- Born: March 21, 1924 Valhalla, New York
- Died: January 14, 2013 (aged 88) San Francisco Bay Area, California, U.S.
- Occupations: Potter and architect
- Writing career
- Literary movement: Arts and Crafts Movement

= Eric Norstad =

American potter and architect

Eric Norstad (1924–2013) was an American potter and architect who worked primarily on the west coast of the United States.

==Biography==

===Early life and education===
Norstad was born in Valhalla, New York, the youngest of four children born to Magnus Norstad, a Norwegian American commercial artist who painted magazine covers and oils of western scenes, and Lillian Rosland, a Swedish American miniature dried flower artist.
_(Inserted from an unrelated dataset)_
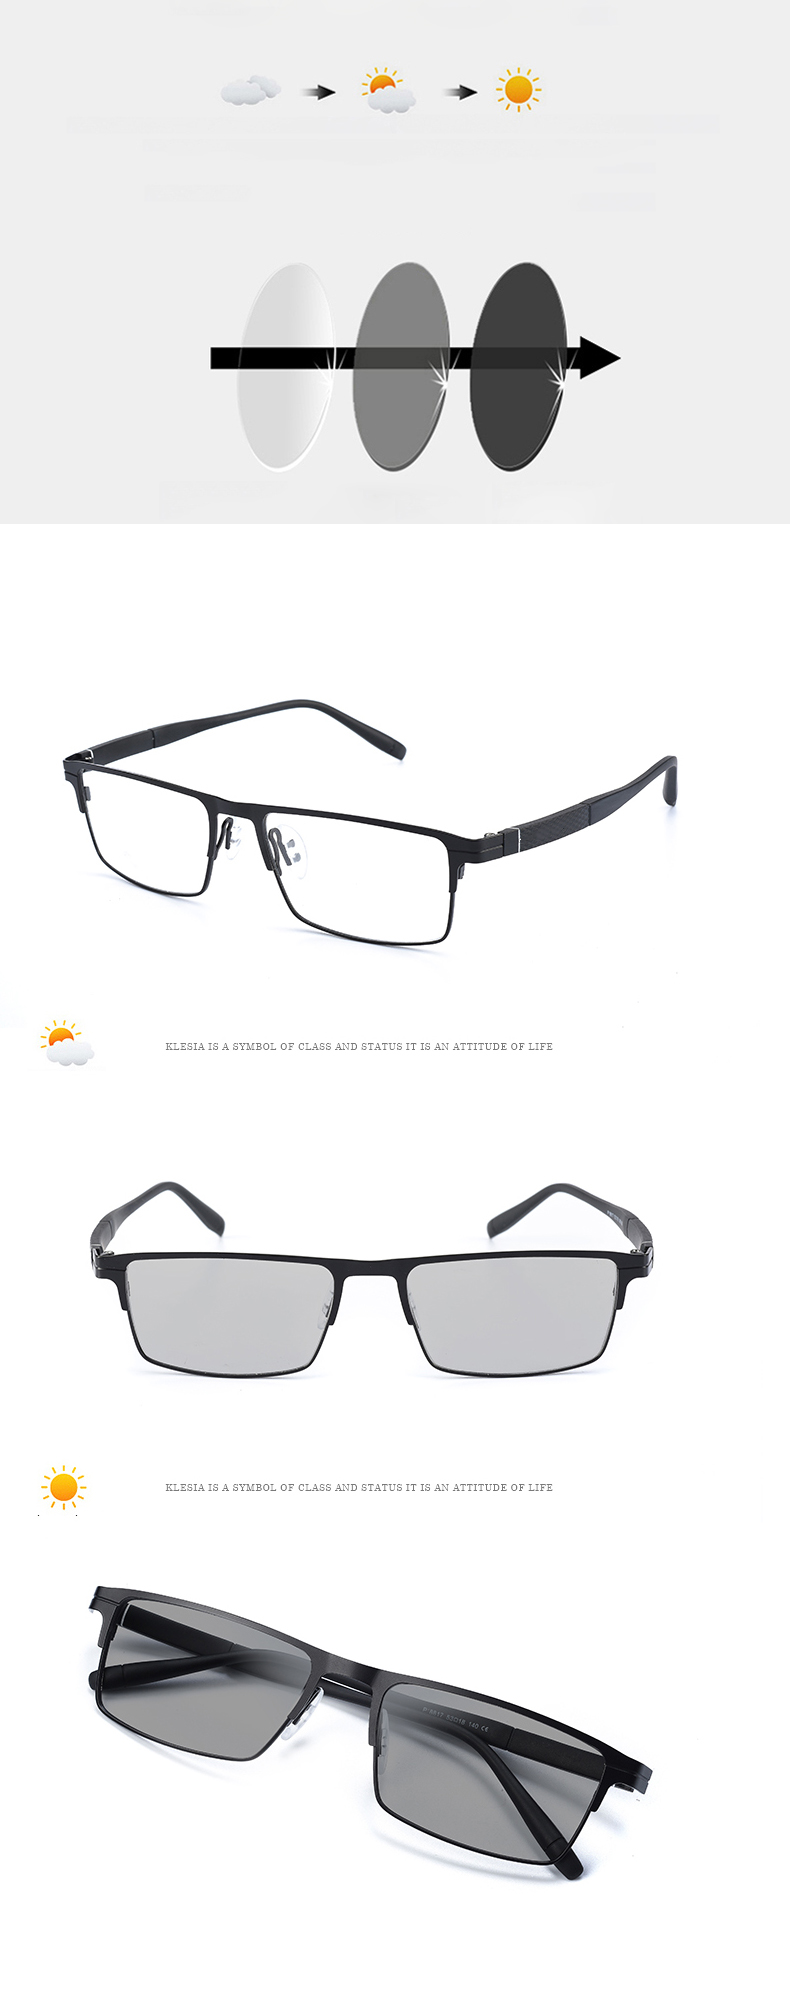 KCASA Outdoor Sun-resistant Progressive Multifocal Reading Glasses

Magnus and Lillian met in Portland, Oregon where they both worked at an advertising agency.

During World War II, Norstad was drafted into the Army Air Forces and served in Egypt. Following the war, he moved with his parents to San Bernardino County in Southern California. In 1951, Norstad enrolled at the University of Oregon on the GI Bill where he met Ruth Luebke, a creative writing major. In 1953, Norstad and Luebke were wed. Norstad graduated with a degree in architecture with a minor in ceramics. In 1955, the first of their four children was born.

===Career===
After graduation, Norstad was offered work as a draftsman at Harmon, Prey, and Detrich, an architecture firm in Seattle, Washington. To subsidize his career as an aspiring architect Norstad began making stoneware pottery. In 1957, Norstad was the recipient of a The Louis Comfort Tiffany Foundation grant, which enabled him to build a small kiln and set up a pottery operation from their home. Many of Norstad's early patrons were fellow architects, artists, and classmates. Norstad started as a kitchen potter making mugs, jugs, bowls and plates. In the late 1950s Norstad began judging state fairs and pottery shows and teaching workshops through the Association of Clay and Glass Artists of California.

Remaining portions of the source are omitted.